Patrick is aware of the urban legend, and says that it’s pretty common to hear jokes about Rod Stewart anytime stomach pumps come up at work. But in his expert opinion, there’s zero chance this story is true — at least the stomach-pumping part. “I never participated in a lavage that wasn’t for the things I told you about,” he explains. “That’s why the Rod Stewart story is so stupid. What would be the reason to remove it? It’s not toxic.”
As someone who has swallowed some unpleasant loads, I can add that while I sometimes felt sick to my stomach (and with my choices in life), it’s never been 911 worthy.
The act itself is called a blowbang, a gangbang with no ass or pussy penetration, just a whole lot of sucking. Per an ex-sex worker, it’s quite common. He’s pretty much out of the sex work game now, but back in his heyday, sucking multiple cocks at a party was one of his specialties. The most he ever sucked and swallowed was seven guys in a row, and he not only felt fine afterwards but “sexy and fun” — one of the absolute joys of being a ho.
Which brings me to another point: Rod Stewart allegedly blew nine sailors and ingested anywhere from a gallon to a pint of cum. For the sake of argument, let’s go with the smaller amount — a pint. The average load is about one teaspoon. Now sucking off nine guys is a heroic feat, but even if they all had above-average loads, we’re still talking about just a quarter cup of cum. You’d have to swallow 56 average loads to get one cup. A pint is two cups, which would equal 112 average-sized loads. That’s a real mouth workout!
It’s also clearly impossible. Still, the rumor persists and has dogged Stewart almost his entire career. So much so that, in 2012, he addressed it in his insanely good Rod: The Autobiography. In the book, Stewart admits to a lot of things, including putting capsules of cocaine up his ass with the help of the Rolling Stones’ Ron Wood. But one thing he doesn’t fess up to is a sailor-inspired blowbang. He’s clear that there’s nothing wrong with that, it’s just not his thing.

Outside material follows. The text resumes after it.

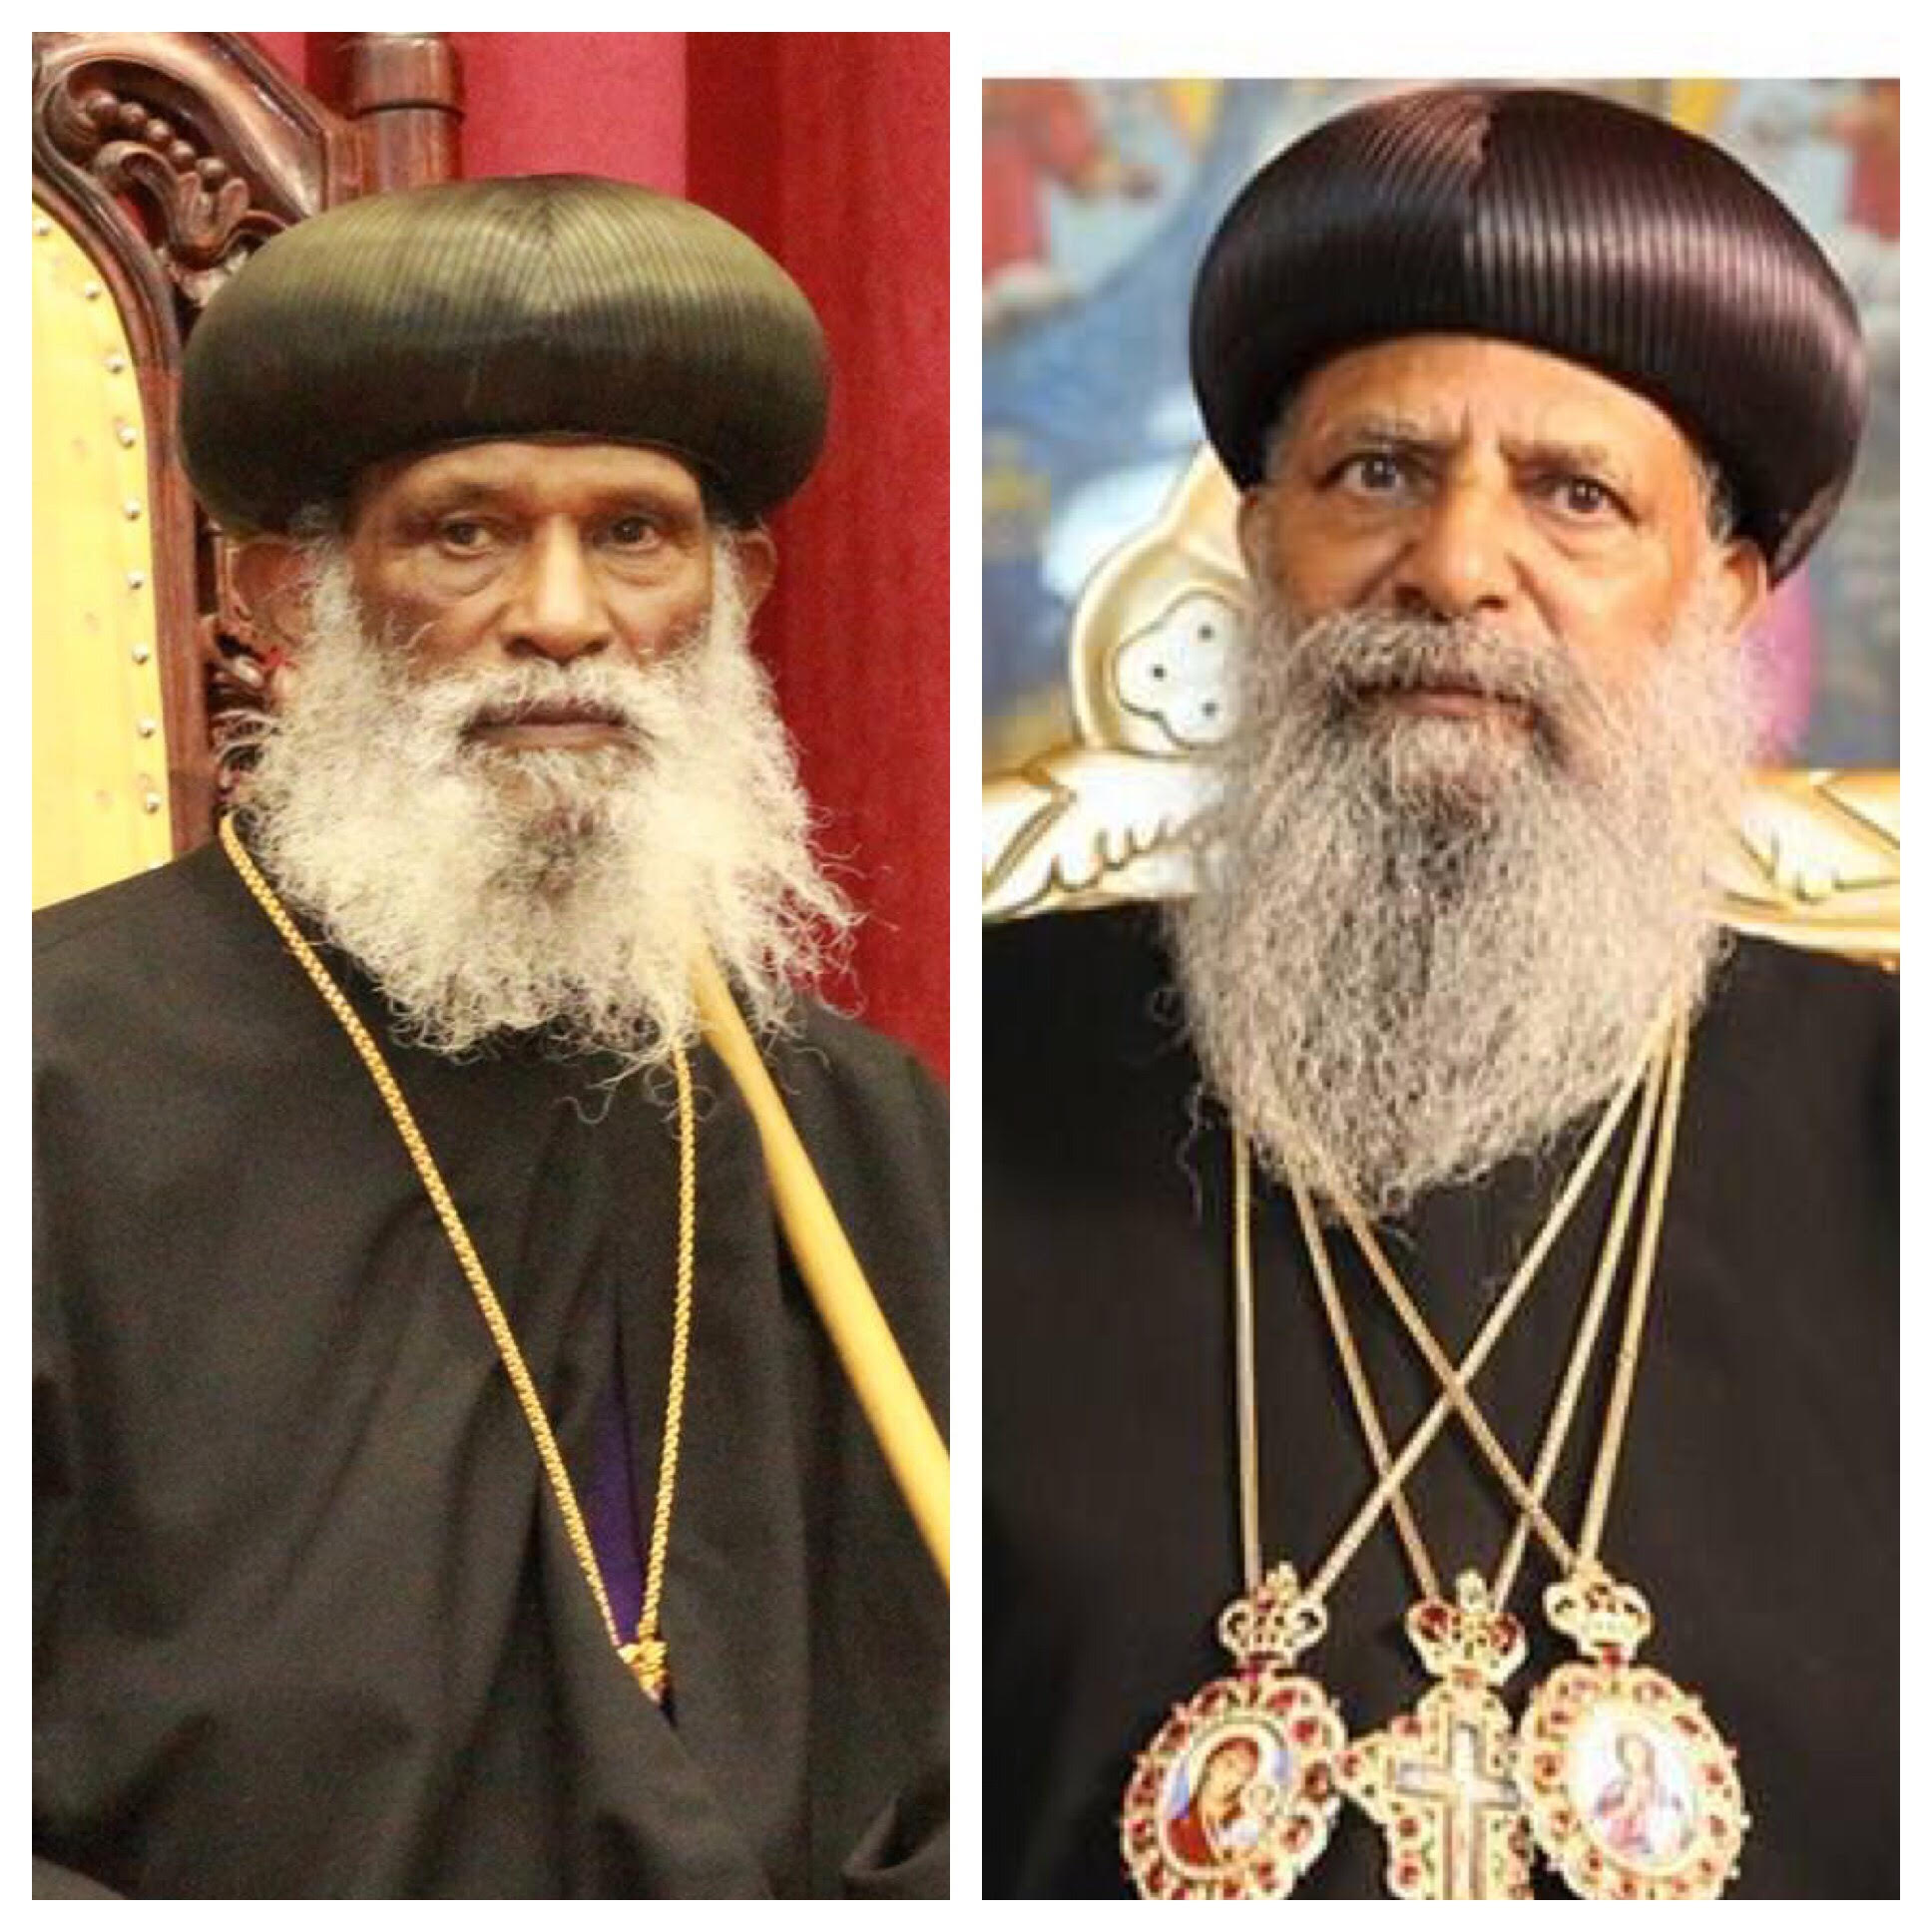 An End to the Ethiopian Schism in Sight?

He does, however, reveal how the story came to be — through his publicist, Tony Toon. (Yes, that’s a real person.) It all started on a family vacation to Hawaii with his then wife Alana Hamilton, his children Sean and Kimberly and his step-son, Ashley Hamilton. Toon came along as well, and because the hotel was overbooked, he had to share a room with seven-year-old Ashley. Despite bunking with a child, Toon still had to get that Hawaiian D. And so, he brought a guy he met up to the room, waking up young Ashley, and pissing off Stewart, who fired him the next morning.
Toon was left with two options: 1) Recognize he fucked up by trying to get laid under these circumstances, and take the hit; or 2) fly into a petty rage and call every tabloid reporter he knew with a demented rumor about his ex-boss.
You can guess which option Toon chose.
To his credit, Stewart admitted to Toon’s evil brilliance. “Toon’s revenge was absolutely inspired. I have never orally pleasured even a solitary sailor, let alone a ship’s worth in one evening. And I have never had my stomach pumped, either of naval-issue semen or of any other kind of semen,” he writes in Rod. “With minor variations, this story has stayed with me ever since. Say what you like about Tony Toon — and God rest his soul — but he was good at his job.”
I’d say so. I mean, even all these years later, almost as many people remember the story as the amount of sailors who supposedly contributed to Stewart’s stomach troubles.